Edavaleth Kakkat Janaki Ammal, an Illustrious Indian Female Scientist

The story of E K Janaki Ammal has inclined me in both personal and professional perspectives. E K Janaki Ammal was an illustrious Indian woman, who compels significant contributions to genetic science, evolution, phytogeography, and ethnobotany.

India is a land of contradictions for women, nevertheless,  there are several robust female Scientists. There is a considerable variation in varied regions of India within the level of development, cultural outlook, and in various economic and social veins. Thus, I feel astonished at seeing EK Janaki Ammal's growth in her career in mid-1930.

I deem at the course of her life and work in the context of her times, the upbringing, challenges, and opportunities she had to travel through and the conviction of life and work mirrored in her own life and work. These traits are what I commend her for. 

Her life and work is an inspiration to the present world, particularly heartening to the women in science who have to struggle in various stages of their career and face a firm challenge when it involves a woman having a career in science. E K Janaki Ammal faced discrimination from her colleagues and additionally had to face harassment for her single status which her closed circle often gossiped about.

However, she never backed down. She overcame these challenges to emerge as one of the foremost outstanding scientists of her time. 


Her contributions to science

The experience in Genetic Science cued Janaki Ammal to hitch the Sugarcane Breeding Station to work on sugarcane biology. Through intense laboratory experiments, Janaki Ammal was able to generate a high-yielding sugarcane variety that might thrive under Indian conditions.

When renowned scientist and Noble laureate C V Raman founded the Indian Academy of Sciences in 1935, Janaki Ammal was invited to be a research fellow. However, she was not able to settle for the offer.

Recognizing the talent of Janaki Ammal, the Royal Horticulture Society invited her to work as a cytologist on their campus at Wisley. The years she spent at Wisley helped Janaki meet some of the foremost proficient Cytologists, Geneticists, and Botanists in the world. 

In 1951, Indian Prime Minister Jawaharlal Nehru in person invited her to come back to India and she was asked to structure the Botanical Survey of India (BSI). After being appointed as Officer on Special Duty to BSI, she reorganized the BSI workplace in erstwhile Calcutta.
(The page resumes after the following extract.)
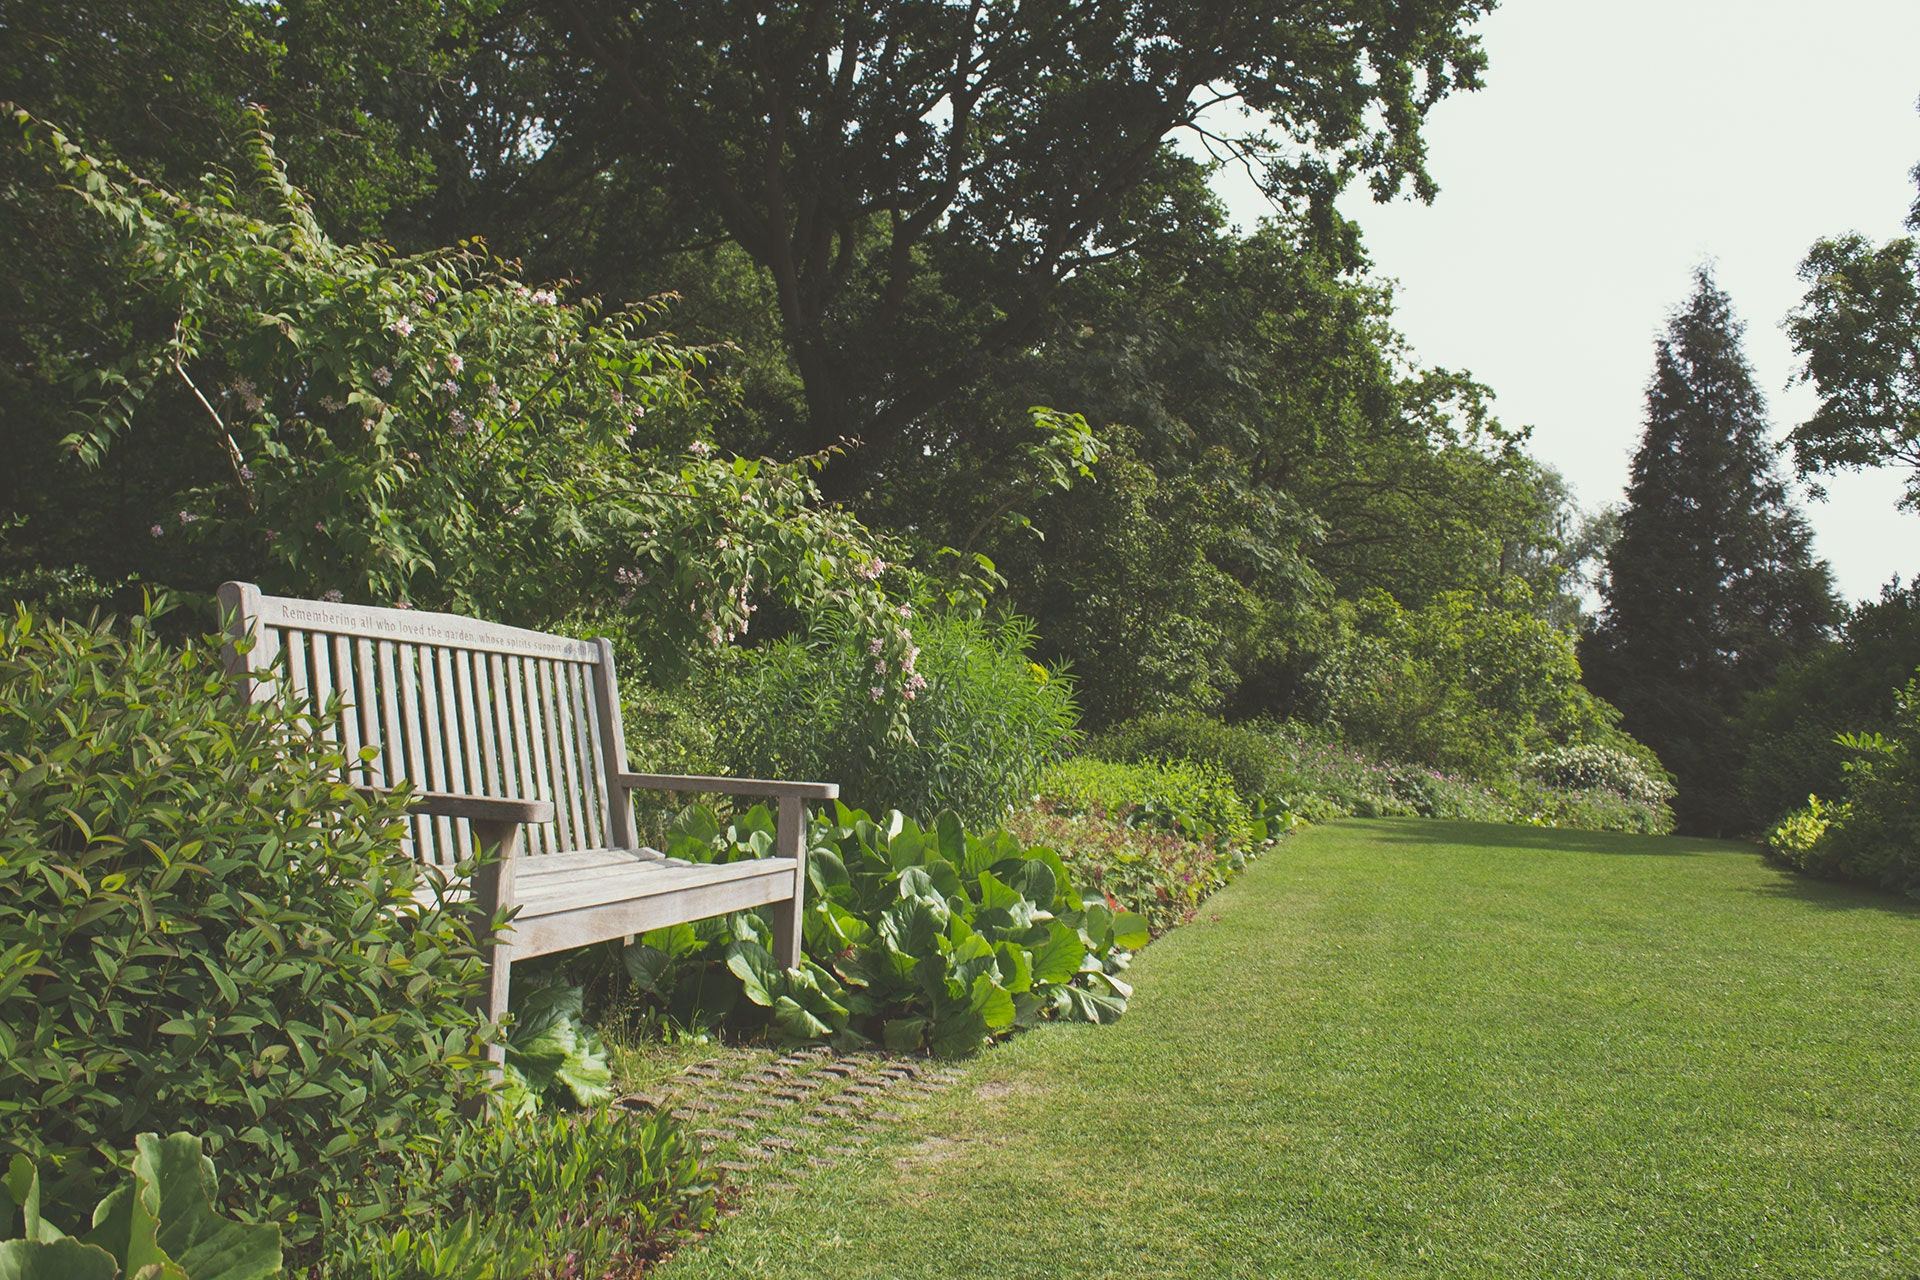 Merveilleux Free Stock Photo Of Garden

She traveled to extremely remote areas in search of plants and the autochthonous wisdom encompassing them. 

After retirement, Janaki Ammal served at the Atomic research Station at Trombay before serving as an emeritus scientist at the Centre for Advanced Study in botany. At the age of 87, Janaki Ammal departed from the world on February 7, 1984, while working in her laboratory.
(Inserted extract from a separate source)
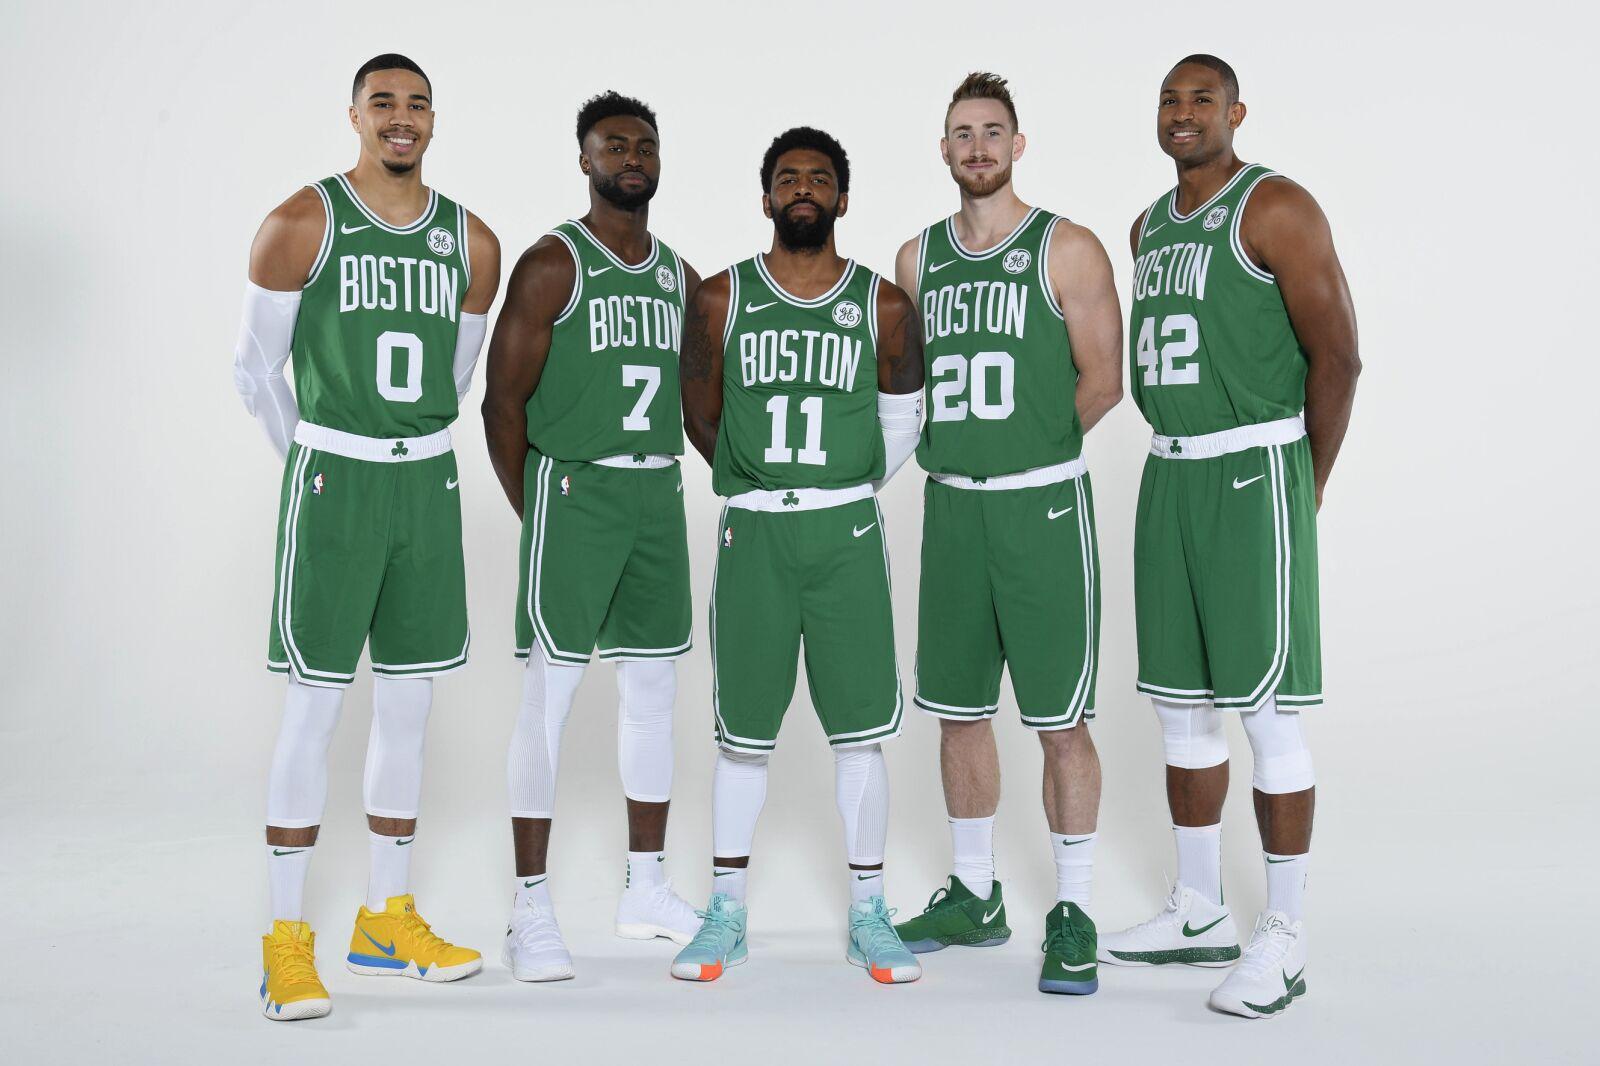 Boston Celtics Official 2018 19 Nba Season Preview Page 5

“It was a life staunched to swots and research. She was agile till the top of her life,”

In the year 2000, the Ministry of environment and forestry created the National Award of Taxonomy in Janaki Ammal's name. There is additionally a herbarium with over 25,000 species in Jammu Tawi that is named after Janaki Ammal, the pioneering plant scientist.

In recent days, the John Innes Centre in England chose to honor Janaki Ammal by launching a brand new scholarship for post-graduate students from developing countries in her name.
“I respect the struggles she faced and also the achievements she made as a woman in mid-1930's”.